Genuine progress on these issues is being made thanks to the tools being produced by Core Infrastructure that are being used by the Core Cluster and EVE development teams. The nature of the lag problem means that it takes time to diagnose and address the problems, but we have invested significantly in getting the right tools and people to help us identify and improve the situation as fast as possible. Once fixes have been deployed to TQ and we have real evidence that they are making a positive difference to your playing experience, you will see more Dev Blogs detailing the processes and fixes.
So in terms of teams and what we work on, that is the Core Technology Group as it stands right now. You can find some more information here. We will continue to grow proportionately to CCP's development teams and the growing scope of the Carbon framework. We are actively recruiting into the CTG and if you are interested, you can apply at the usual place, the CCP jobs page.
Now that you hopefully have a bit more clarity on how CCPs Core teams are structured, it is important that you, the EVE players, know that the focus of the Core Technology Group is on supporting EVE and the experience of playing it. Through our Carbon strategy we make sure that all future product development at CCP feeds back into Eve, as they all integrate back to Carbon. We also make sure that CCP has a robust battletested core framework to win our war against the impossible.
Over the last few months I've been working on something very cool that some of you may have heard about; it's a project to rework the guts of the EVE game client to remove the audio and visual aspects of the game. In other words, to slim the client down as much as possible so that it can be considered 'lite' or 'thin'.
And thus the Thin Client(TM) was born!
Click to see the thin client in all its glory...
What can this thin client do?
The basis for the thin client is the very EVE client you use yourselves; it takes that core and extends and overrides parts of it, so that you no longer need to have a sound card (insert generic EVE has sound meme) or a graphics card to run it.
Why should I care?
The thin client requires less system resources than a traditional 'full fat' client. As a result we can run more of them in parallel on one computer. Whereas a (normal?) EVE player might run 2 or maybe 3 accounts simultaneously with a traditional client, it's possible to run many times this number with the thin clients.

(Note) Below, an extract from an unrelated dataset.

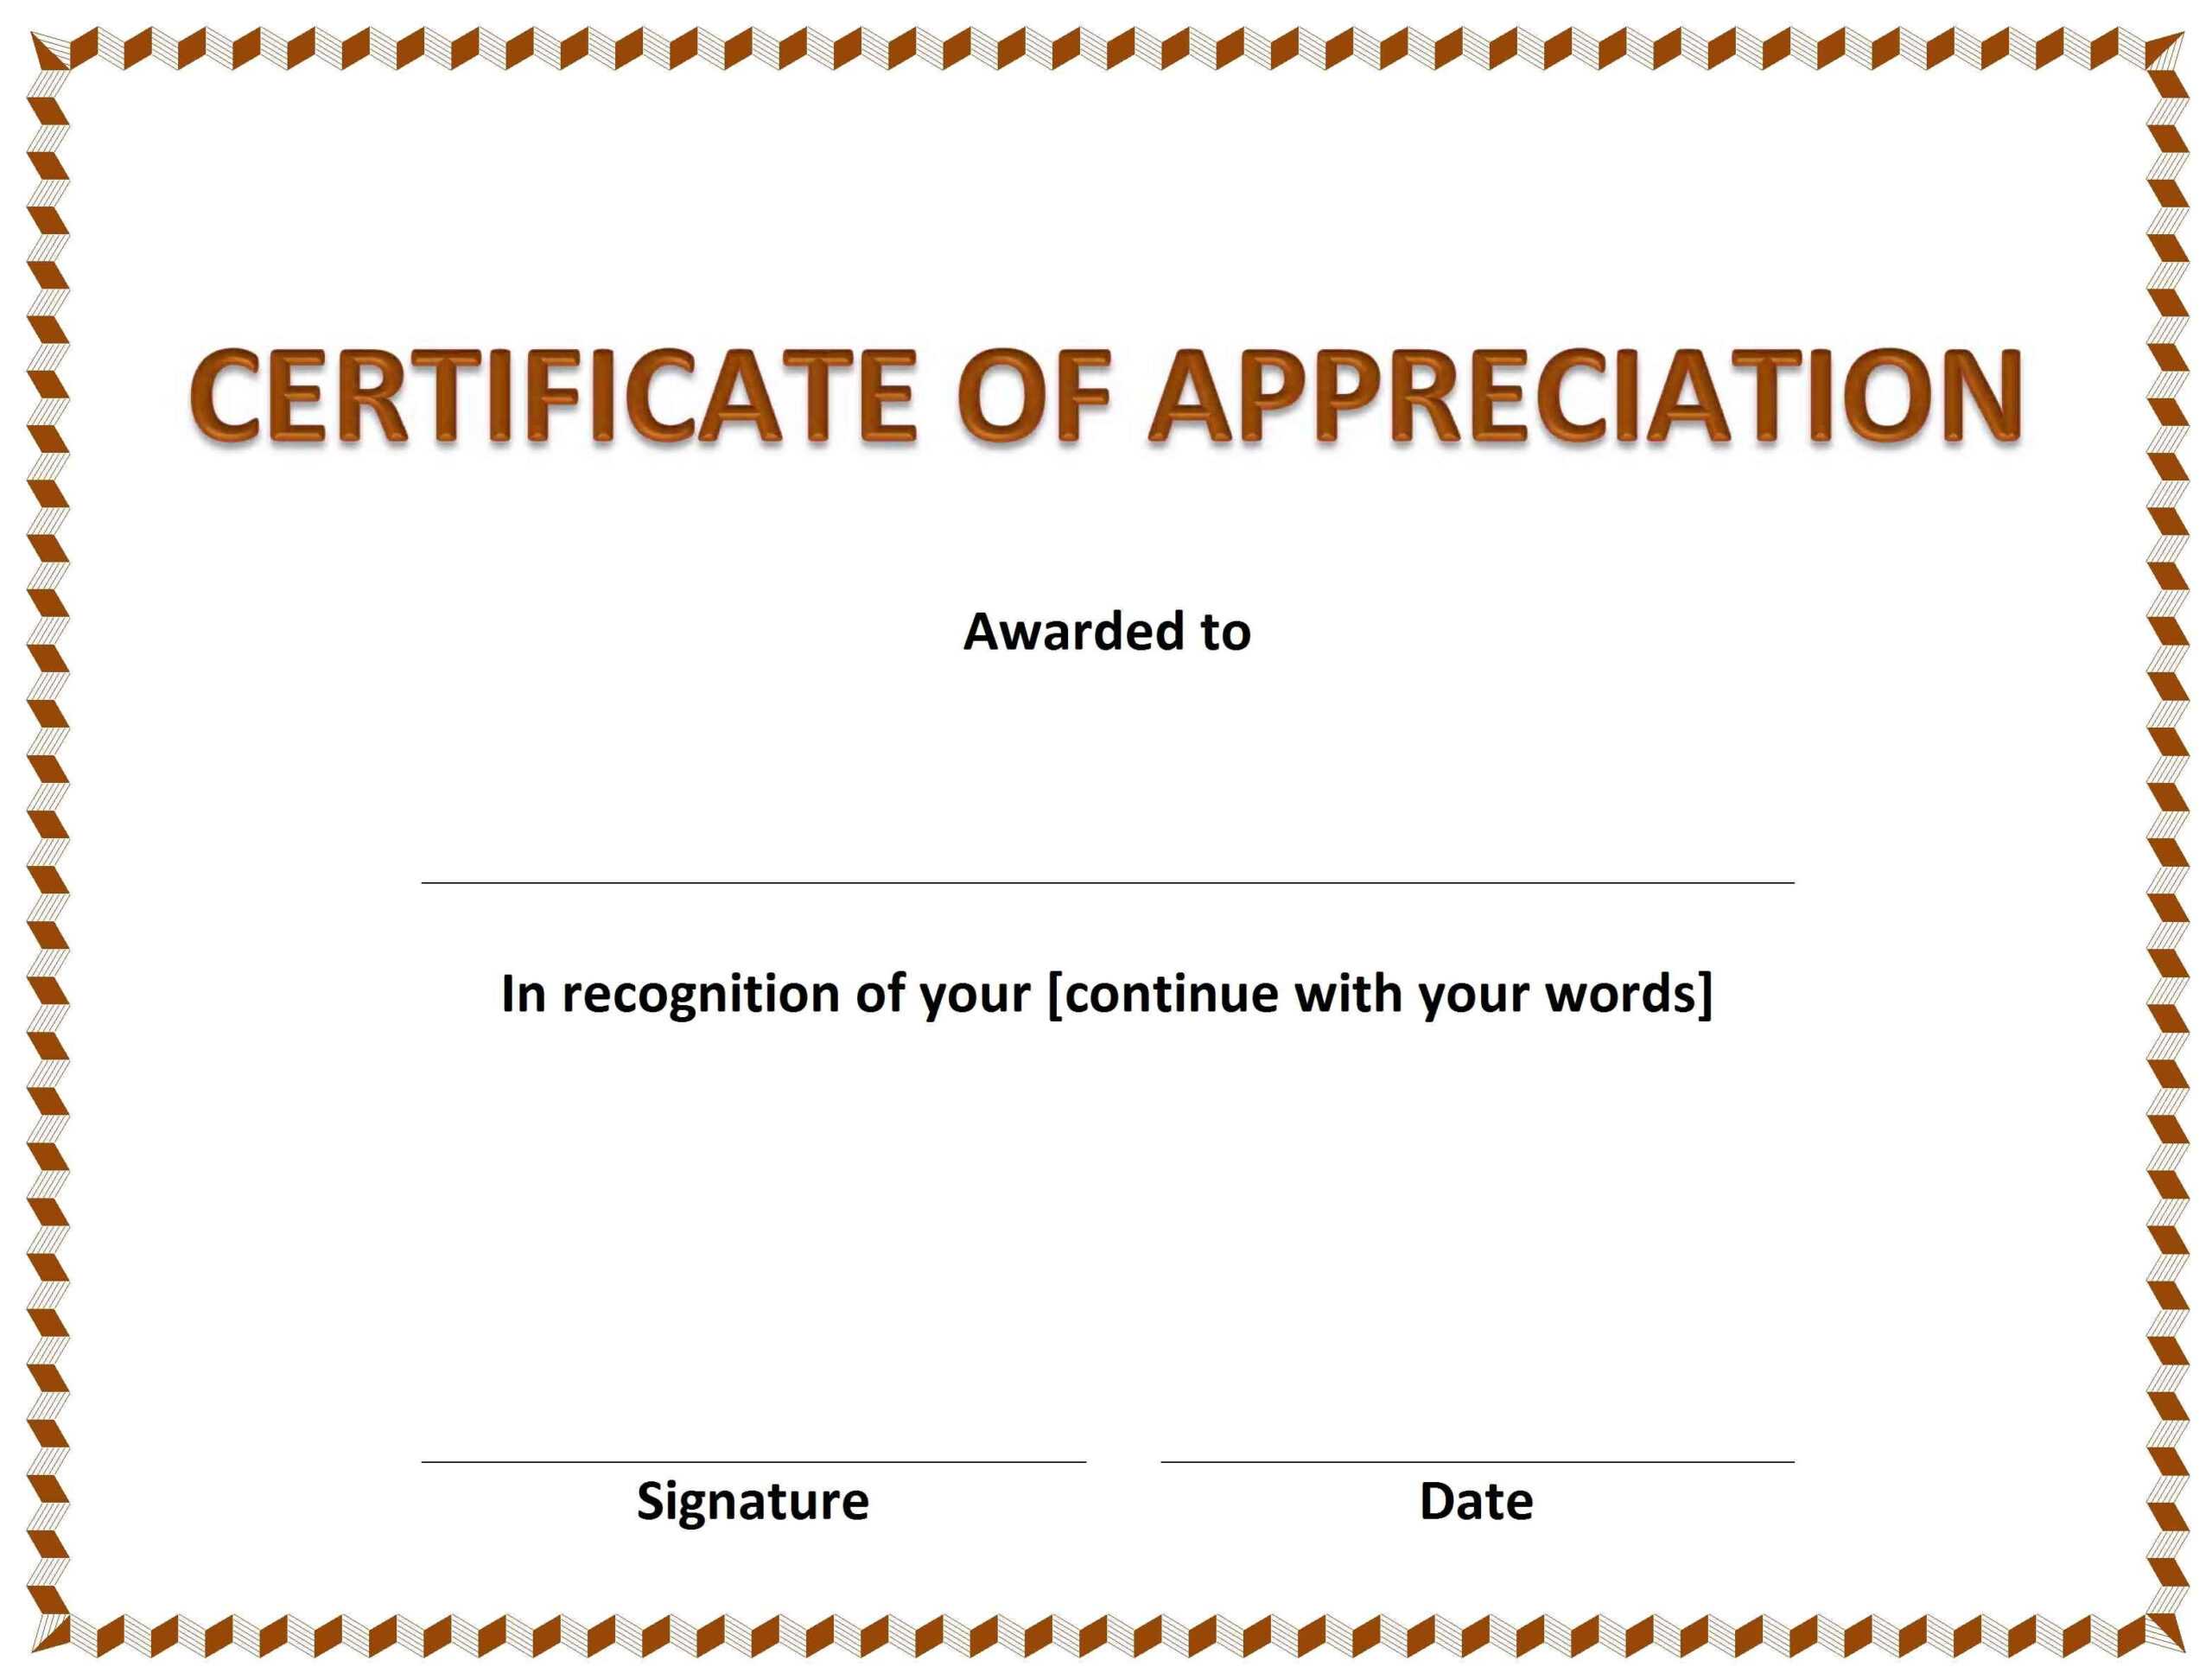 Certificate Of Appreciation » Officetemplates Within Template For Certificate Of Appreciation In Microsoft Word

The obvious benefit of a client like this is one of scale; we can start up many hundreds of these clients and have them do something, anything.

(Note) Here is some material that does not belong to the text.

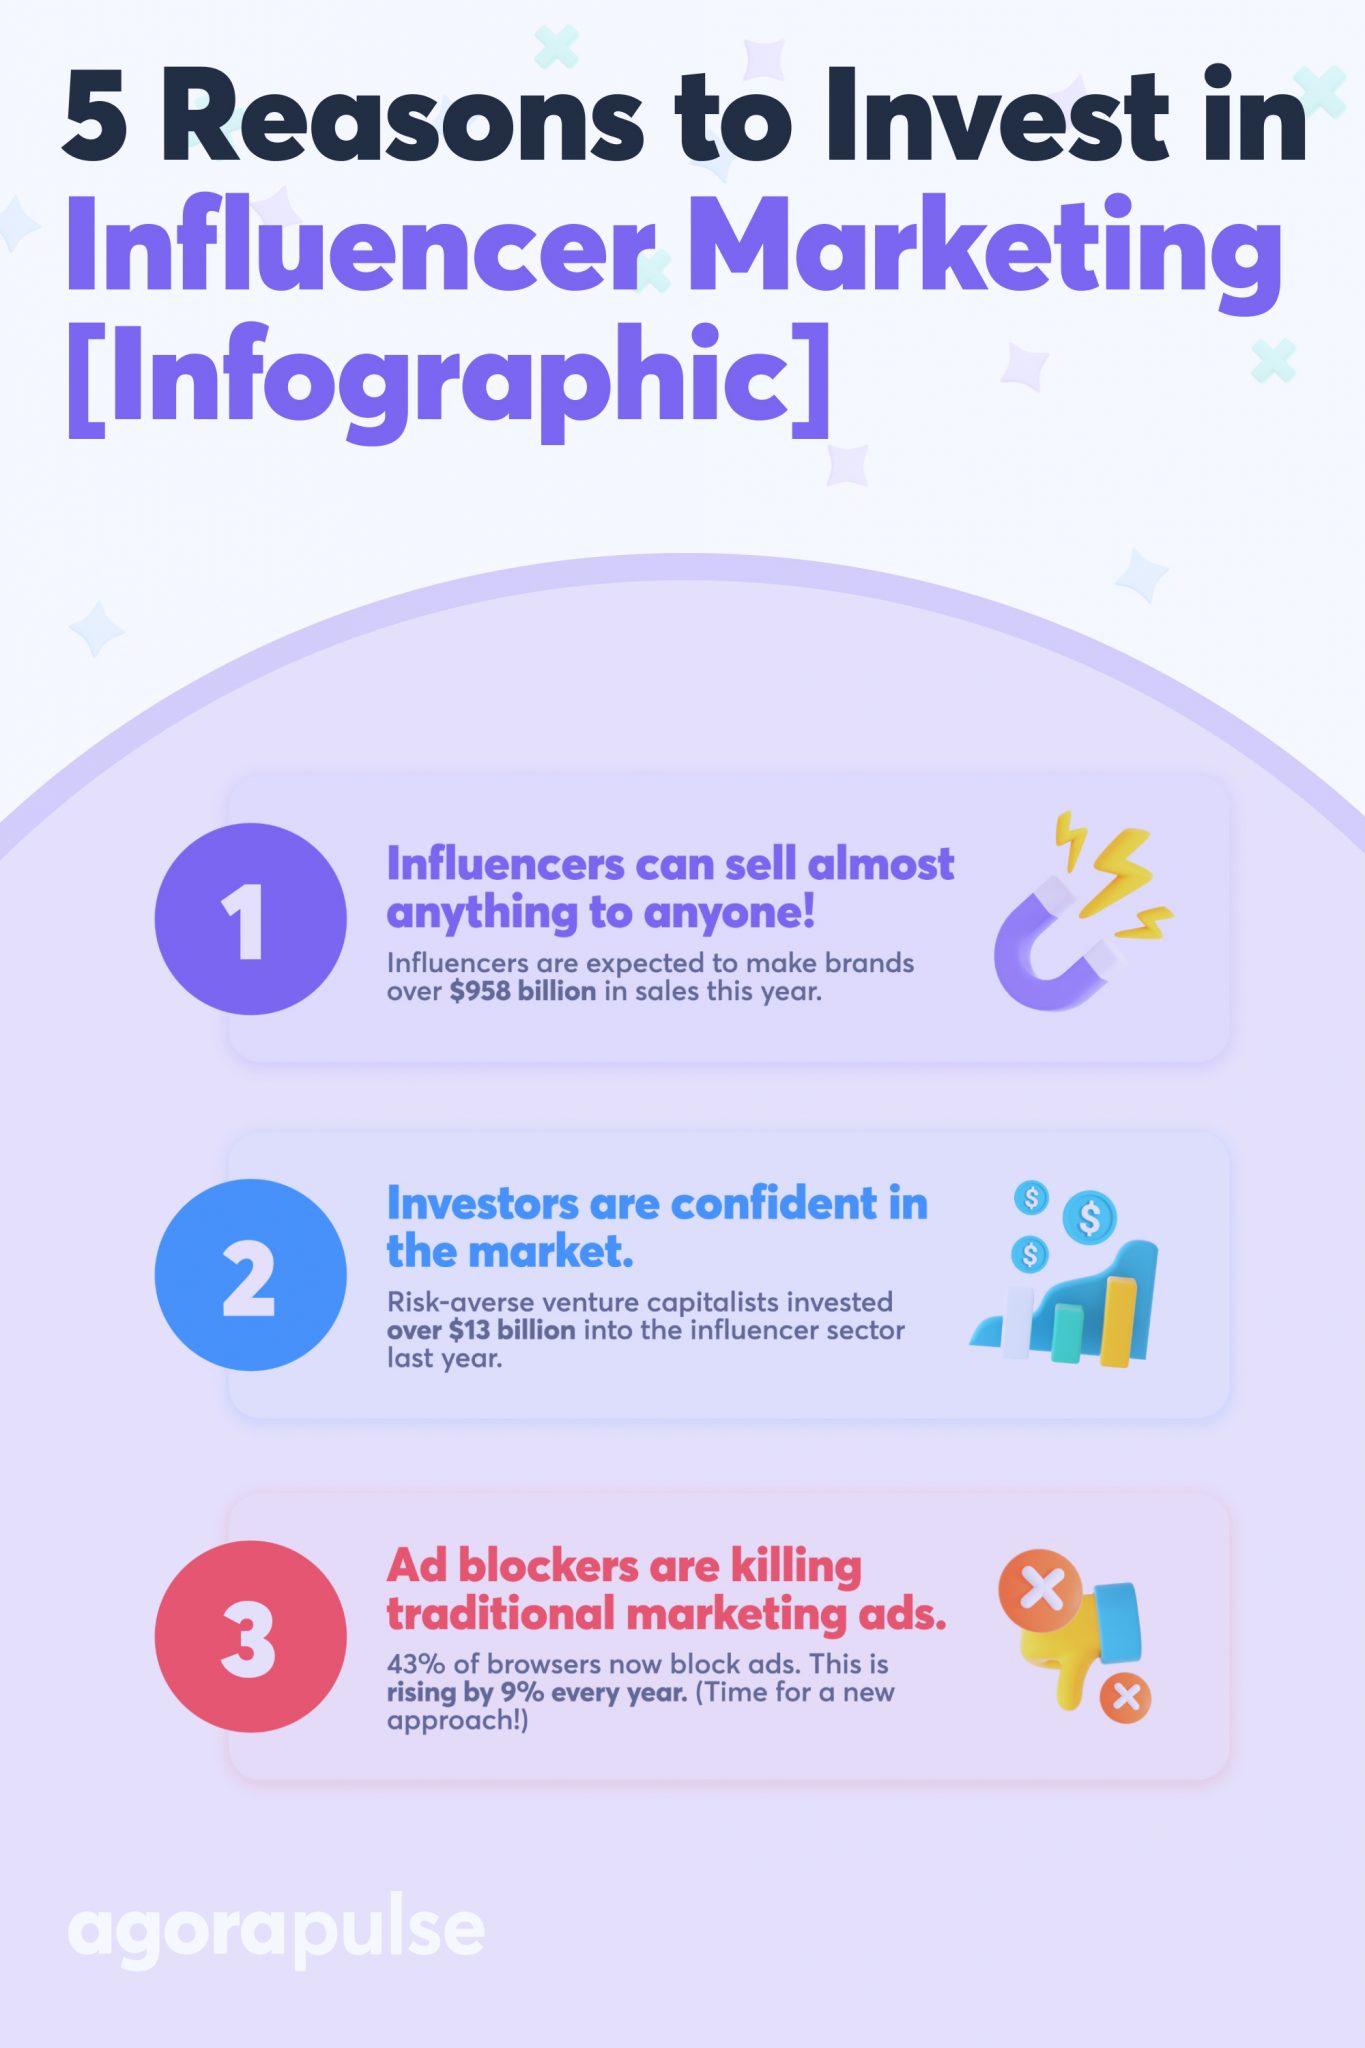 Infographic: 5 Reasons You Should Invest Right Now in Influencer Marketing

It now becomes possible to set them up so that we can undertake a controlled, large scale test; you can submit a new change to the code base and retest with the same setup to examine the effects of the code change. The level of control and precision these tests now give us is unprecedented.
Such practices have been used to load test websites for a long time, by repeatedly making requests to websites in an effort to discover the bottlenecks of the system. However, for EVE the closest we have gotten is the mass tests on Singularity that CCP Tanis runs.
The mass tests provide us with valuable data, but they can be very hard to exercise control over, since you are dealing with anywhere from 200 to 500 living breathing EVE players. The thin clients on the other hand are mindless automatons; if we say jump off a cliff, they will, metaphorically, go straight for the edge.
Ok, but what does this actually mean for me?
The thin clients themselves aren't any smarter than a normal client. If you start up a normal EVE client it doesn't suddenly start trying to take over the world ala SkyNet (hopefully), and the same is true of the thin client. To bridge this gap we've created a variety of methods through which we can tell the clients what to do: the two methods are internal projects called Orchestrator and the Automaton Project, both of which I'll touch on later.
By being able to tell a client what to do we have created for ourselves a massive new tool box, which can be used to great effect. Allow me to elaborate:
It becomes possible to examine the behavior of massive amounts of mission running in the same system. To examine, as it were, the Rens Effect.
We can systematically examine the behavior of clients when they're fighting large scale fleet fights, allowing us to recreate and diagnose the unique problems that large scale fleet fights create, in the lab.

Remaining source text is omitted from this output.